Sculpture by Elisabeth Frink

Paternoster (FCR 243), also known as Shepherd and Sheep or Shepherd with his Flock, is an outdoor bronze sculpture of 1975 by Elisabeth Frink, installed in Paternoster Square near St Paul's Cathedral in London, United Kingdom.

The sculptural group measures 84 × 129 × 32 in. It shows an androgynous shepherd herding five sheep.
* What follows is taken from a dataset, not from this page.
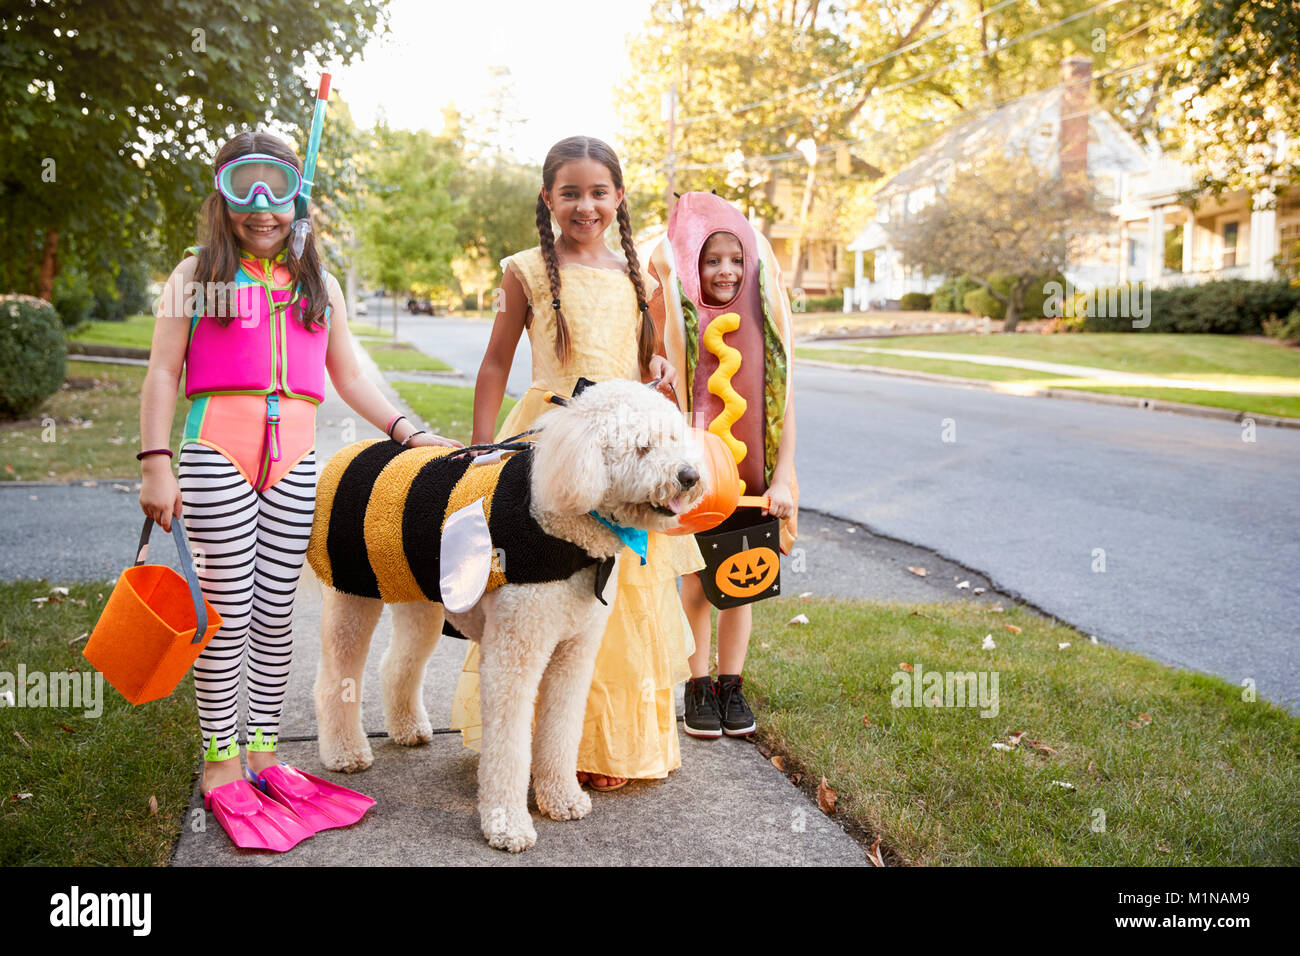 Les enfants et le chien dans des costumes pour Halloween Trick ou traiter Banque D'Images
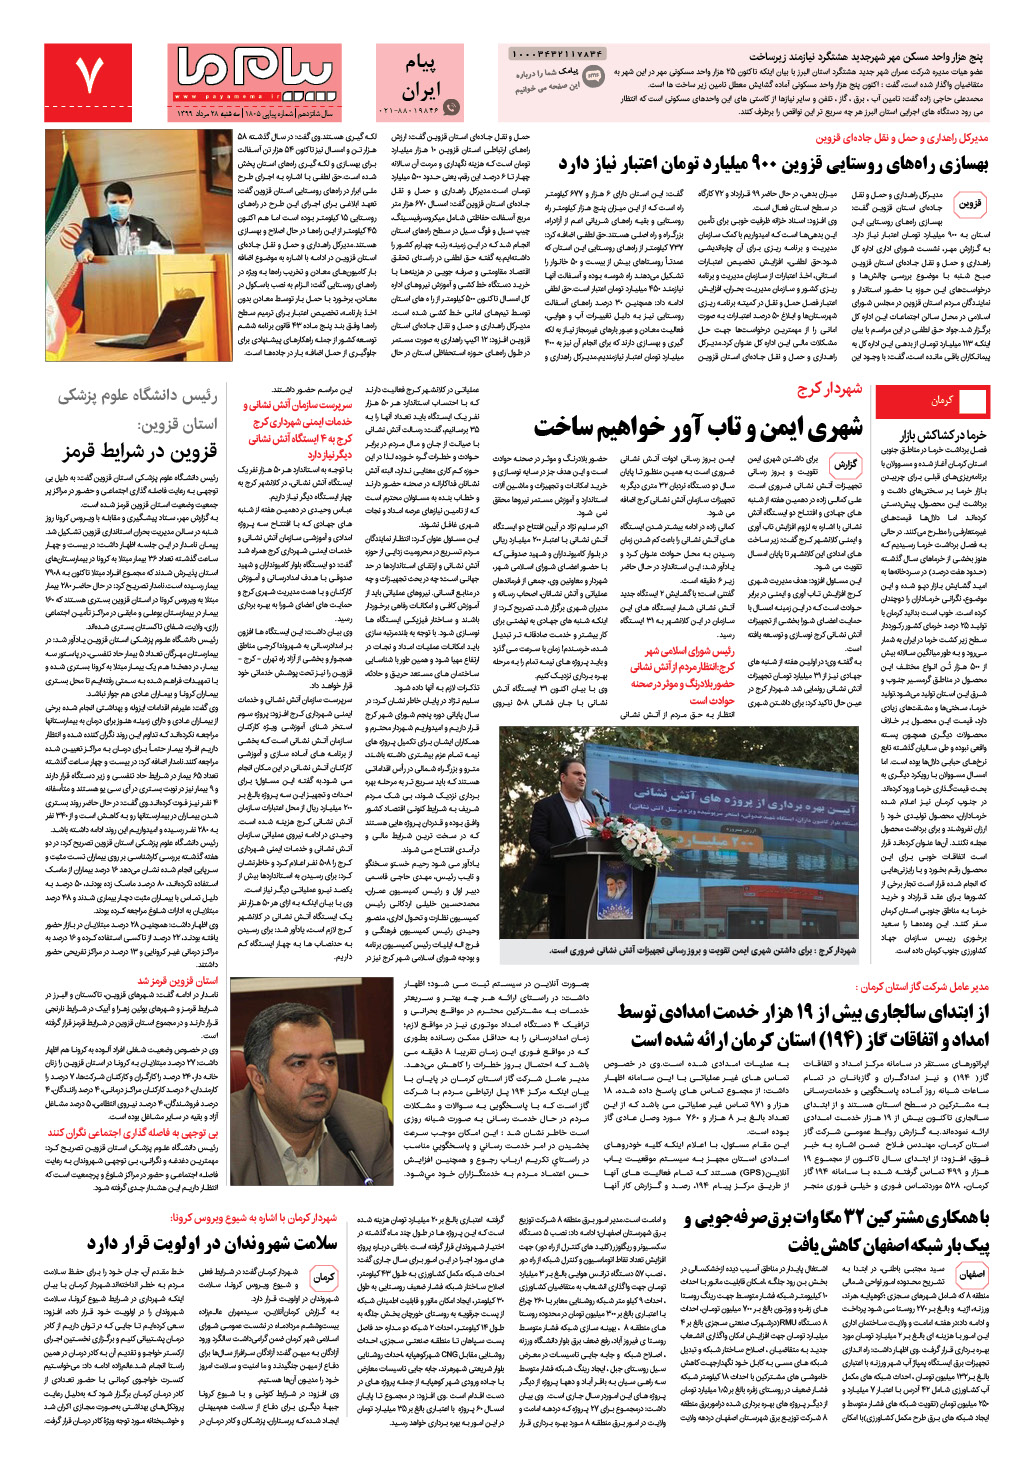 صفحه پیام ایران شماره 1805 روزنامه پیام ما

The subject of the artwork reflects the former use of Paternoster Row as the site of Newgate Market for the sale of livestock and meat, and may also have theological overtones of the Good Shepherd, reflecting its position in the shadow of St Paul's Cathedral. It may draw inspiration from husbandry in the Cévennes region of France, where Frink spent time at the vineyard of her second husband Edward Pool in the late 1960s to early 1970s, or from Picasso's 1944 sculpture Man with Sheep, and may also play on the religious and linguistic similarity between the Latin paternoster ("our father") and pastor (shepherd).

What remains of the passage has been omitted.